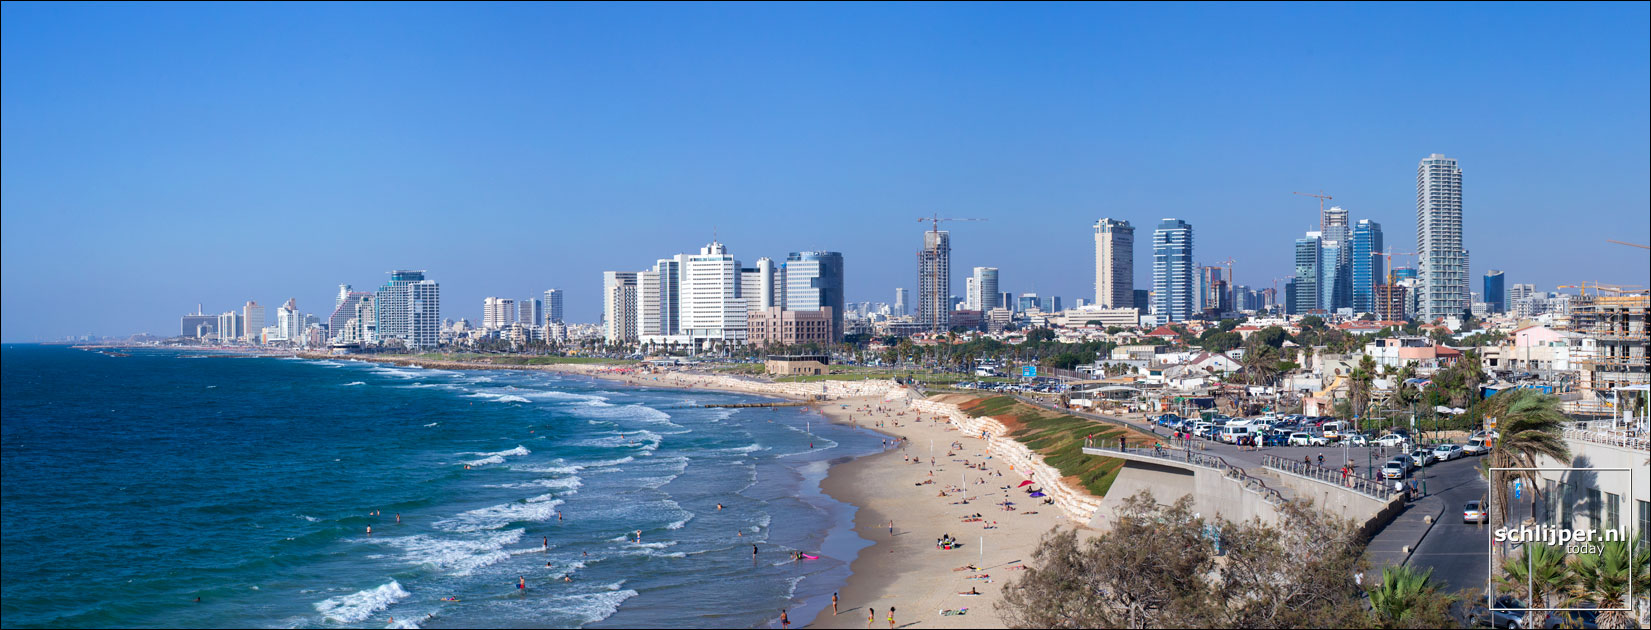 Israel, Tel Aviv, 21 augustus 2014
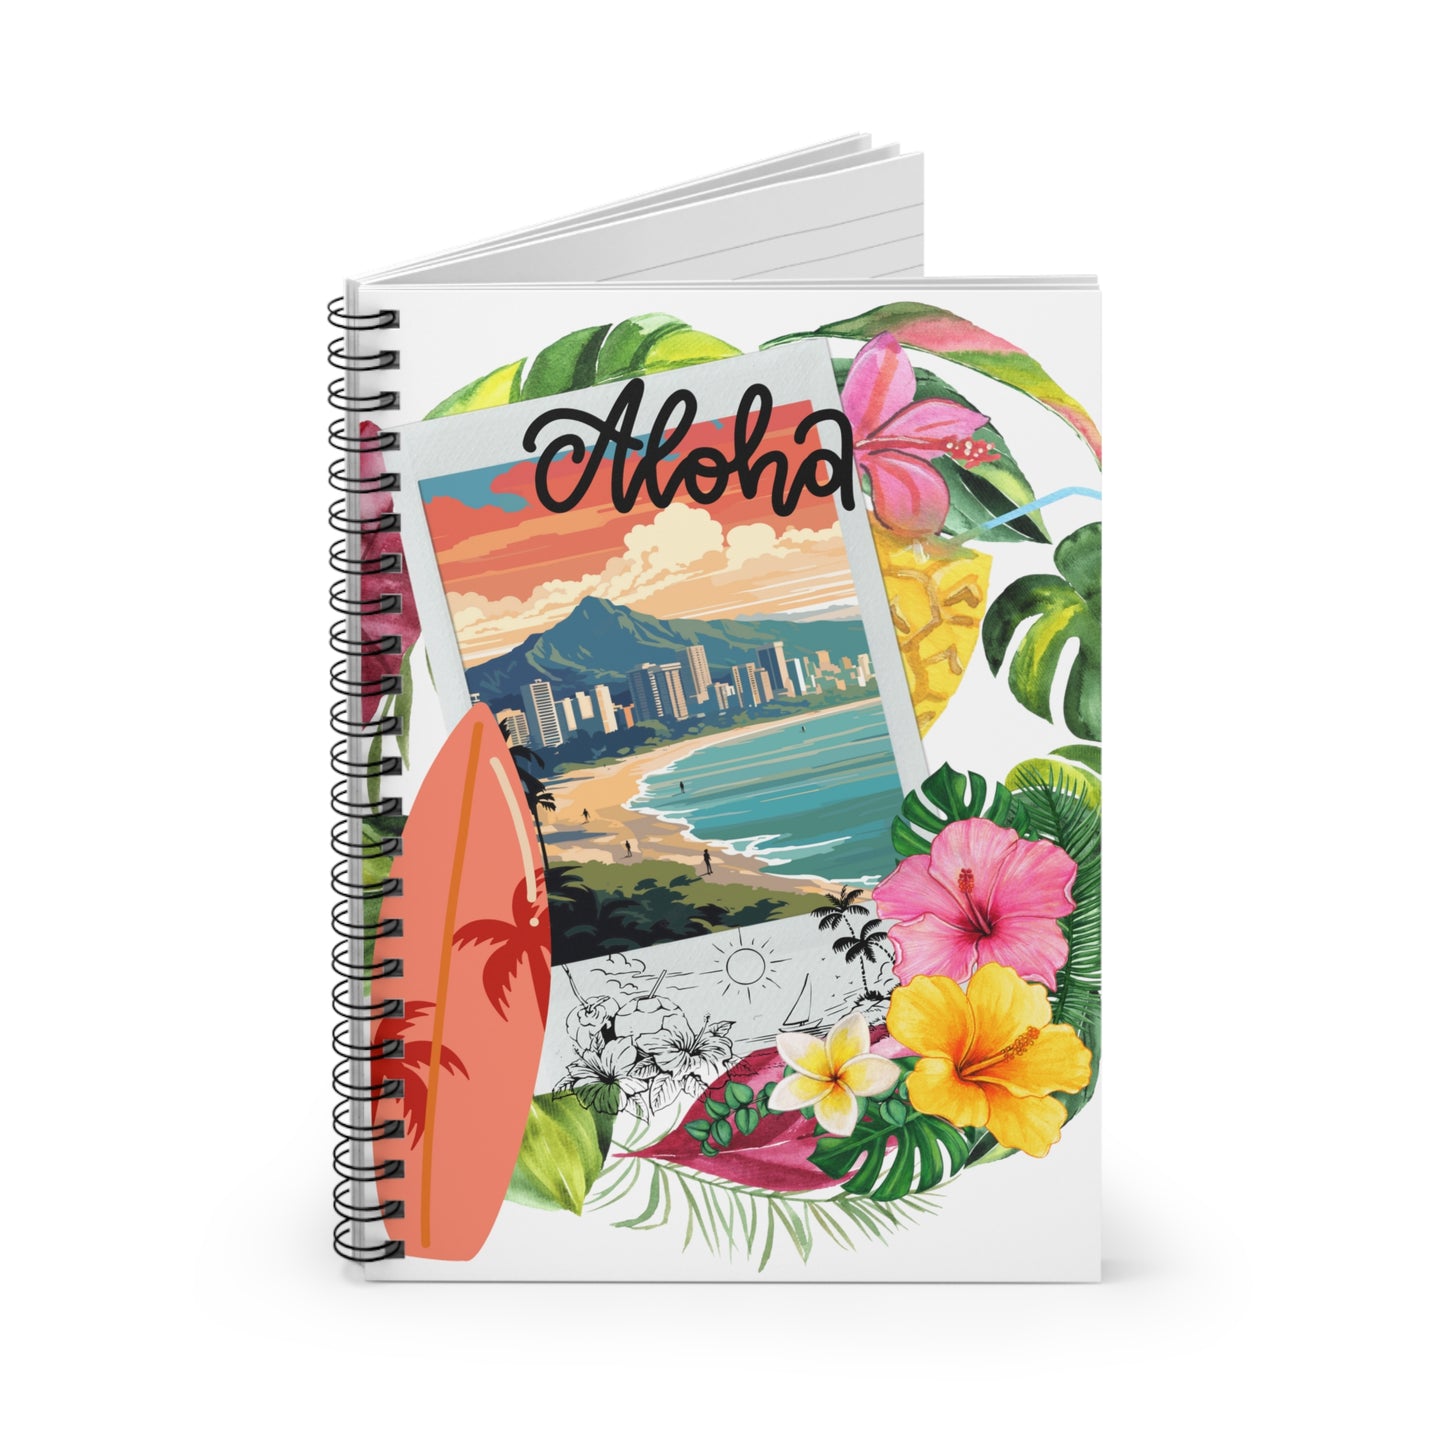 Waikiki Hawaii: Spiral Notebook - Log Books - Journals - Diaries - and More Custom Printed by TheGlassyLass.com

...

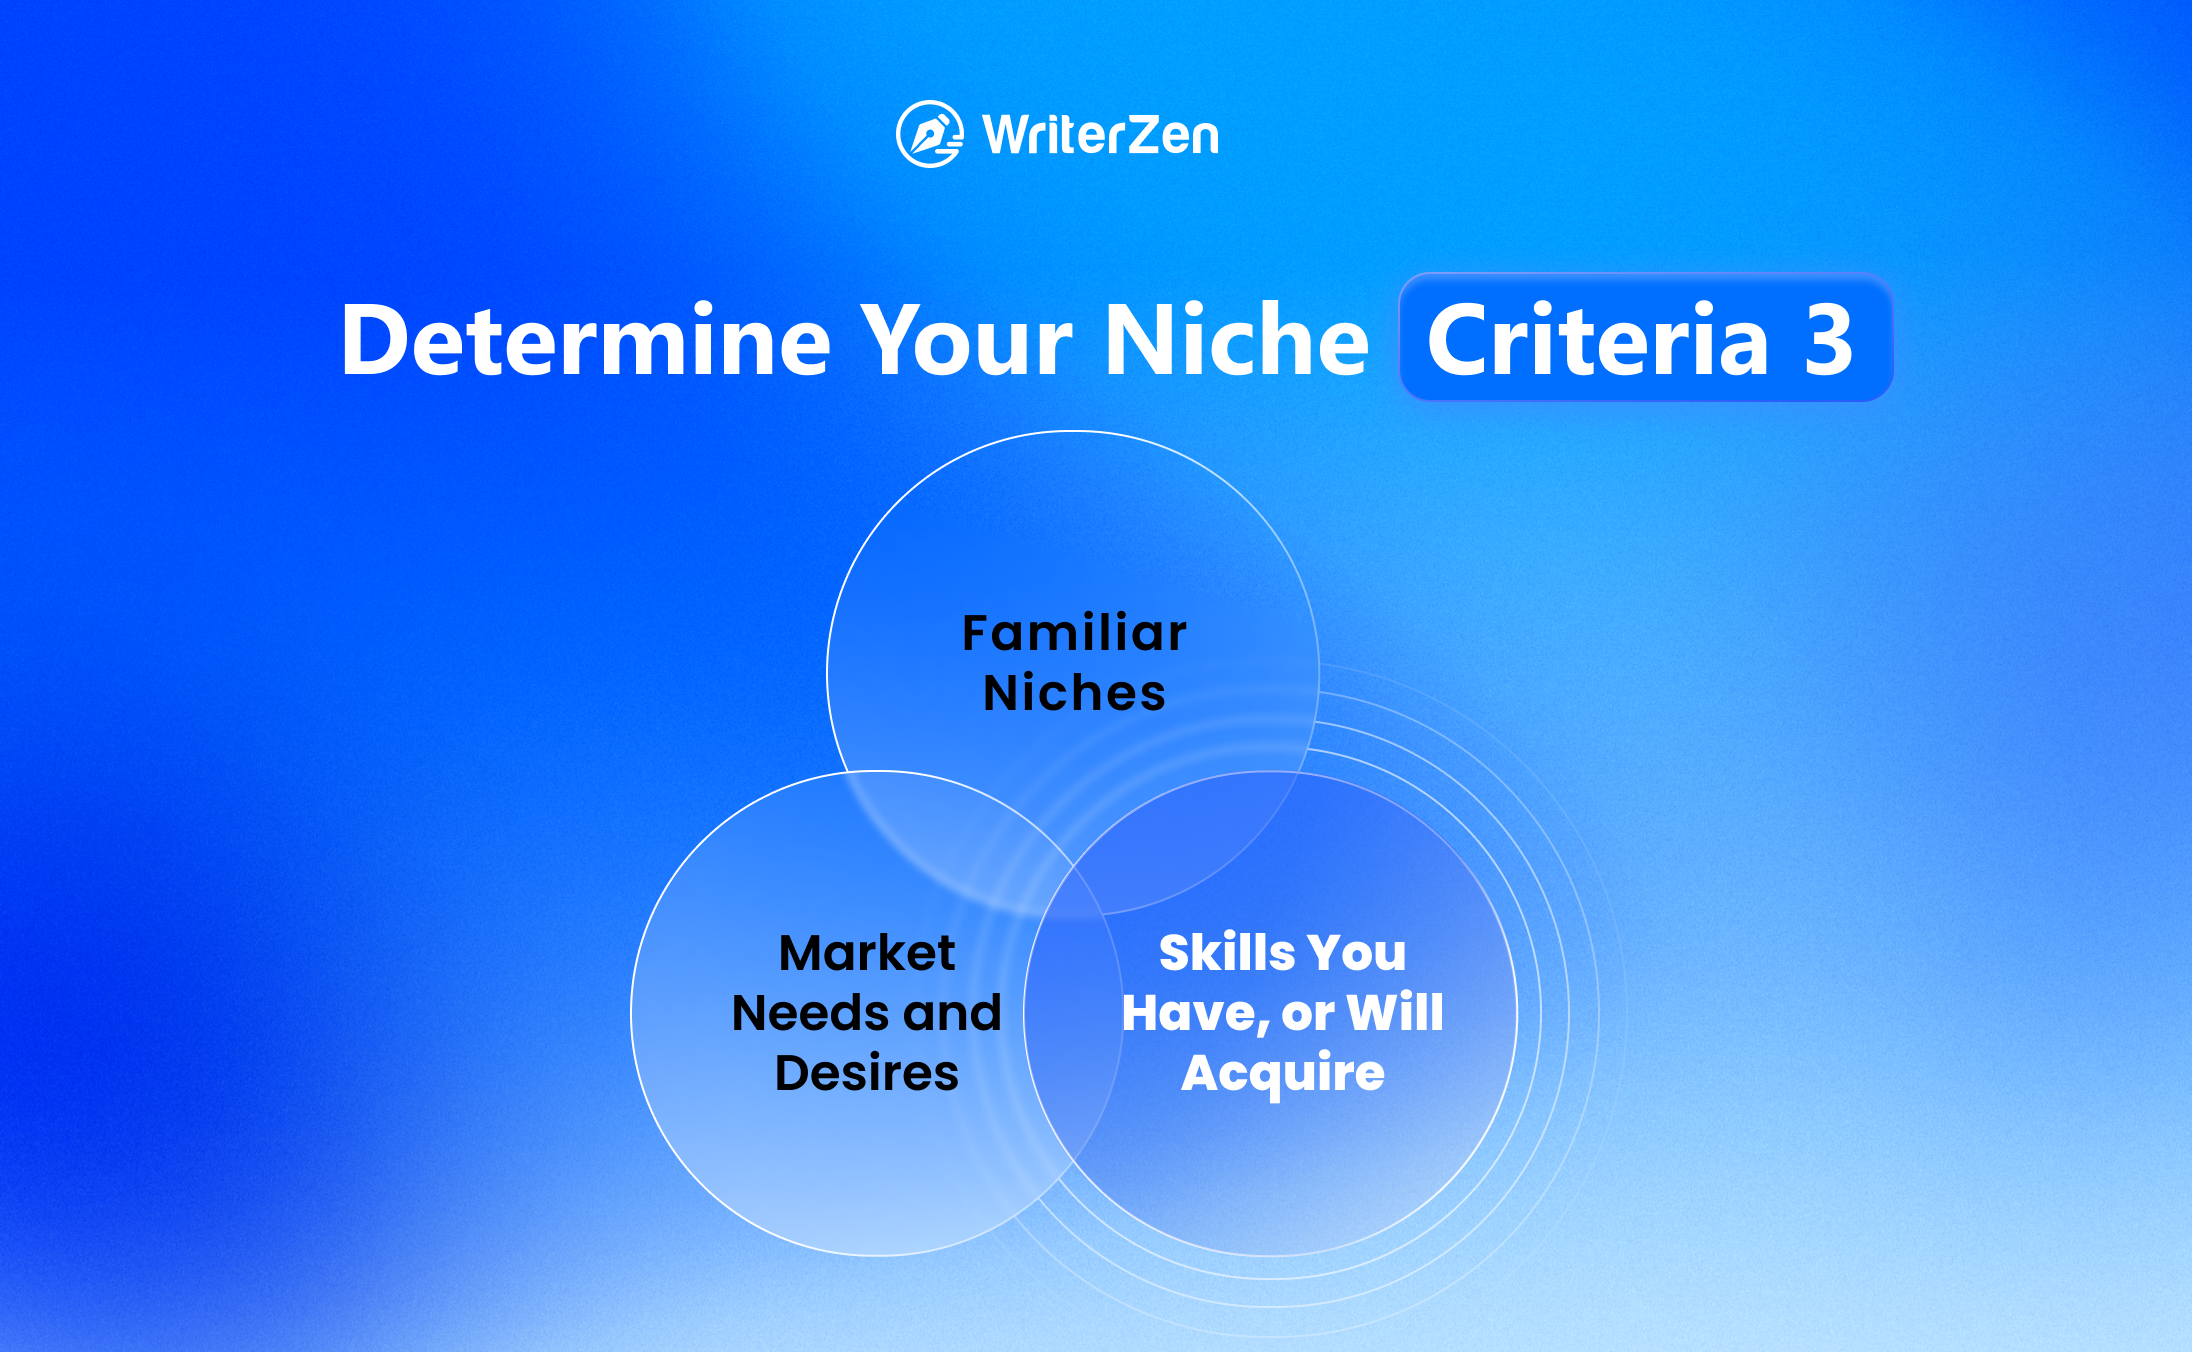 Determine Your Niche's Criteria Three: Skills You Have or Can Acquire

--

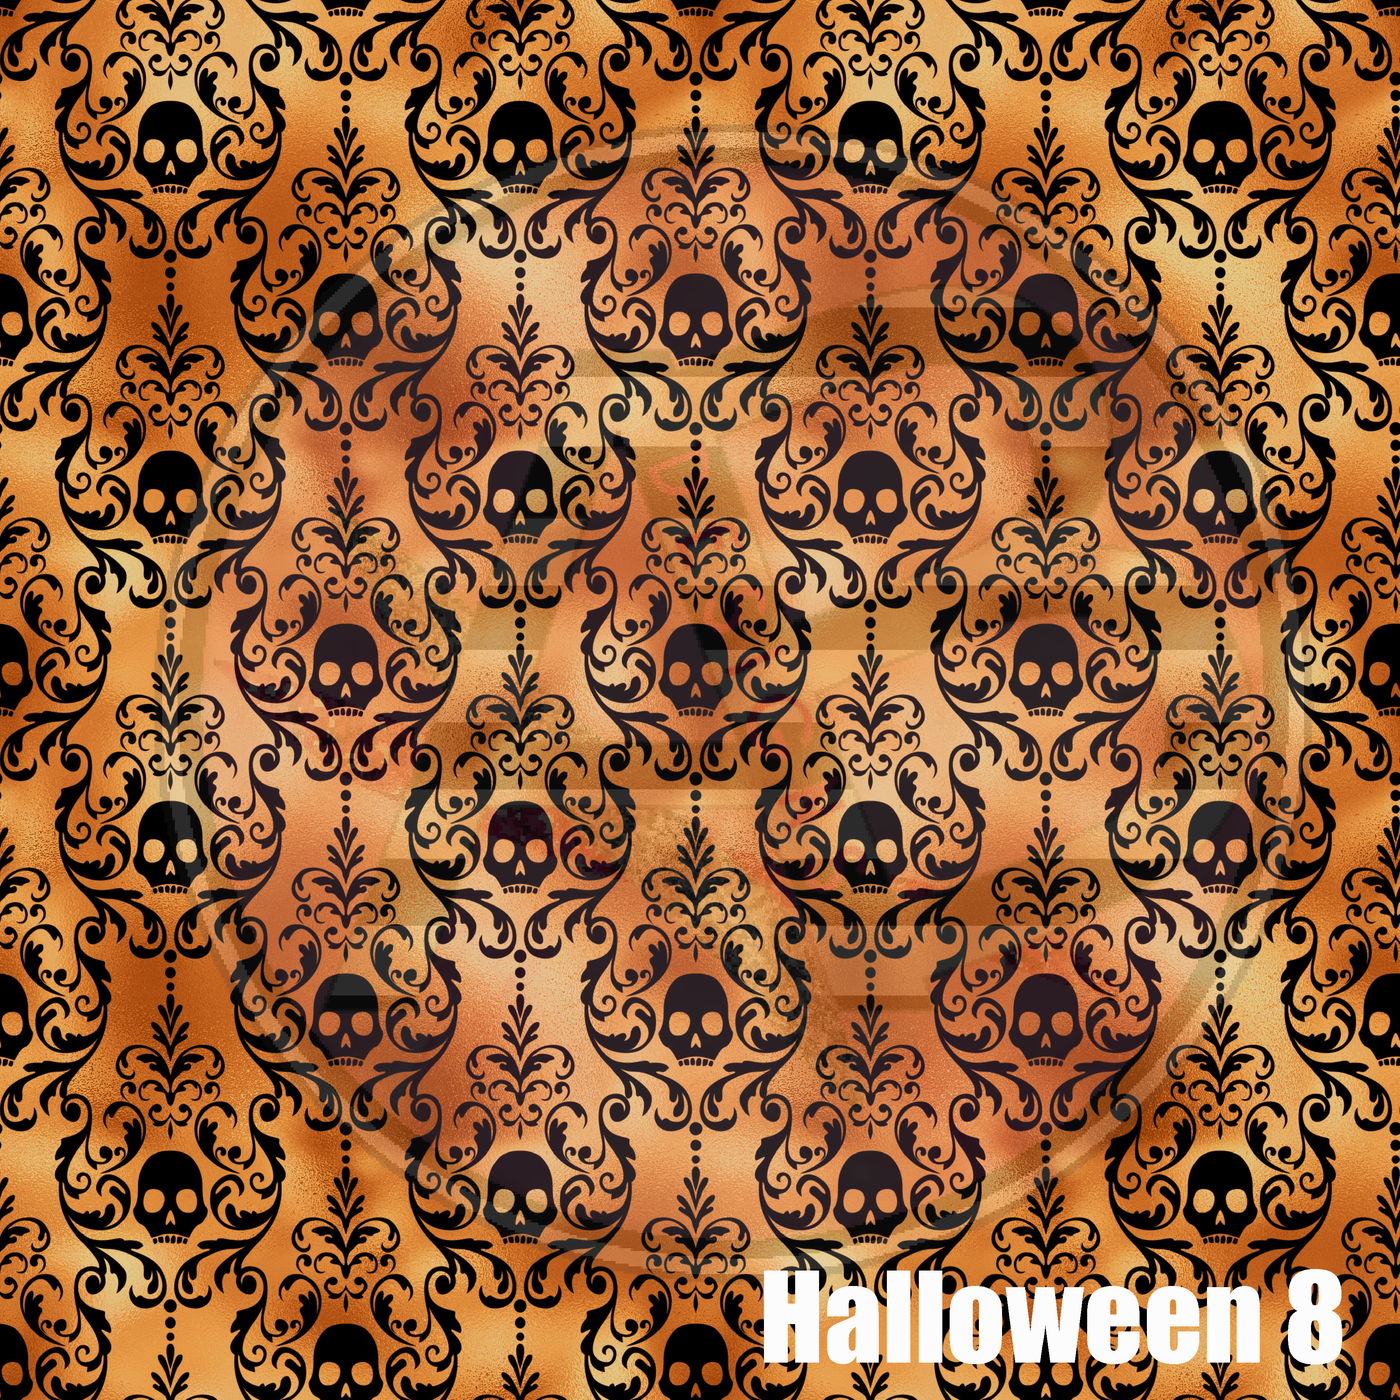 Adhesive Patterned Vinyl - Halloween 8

→ EXERCISE INSTRUCTIONS
Only the lines between the one with "Israel, Tel Aviv, 21 augustus 2014" and the one with "Waikiki Hawaii: Spiral", those two included, get copied from the material above. Keep it exact and free of pictures.

→ SOLUTION
 Israel, Tel Aviv, 21 augustus 2014
 Waikiki Hawaii: Spiral Notebook - Log Books - Journals - Diaries - and More Custom Printed by TheGlassyLass.com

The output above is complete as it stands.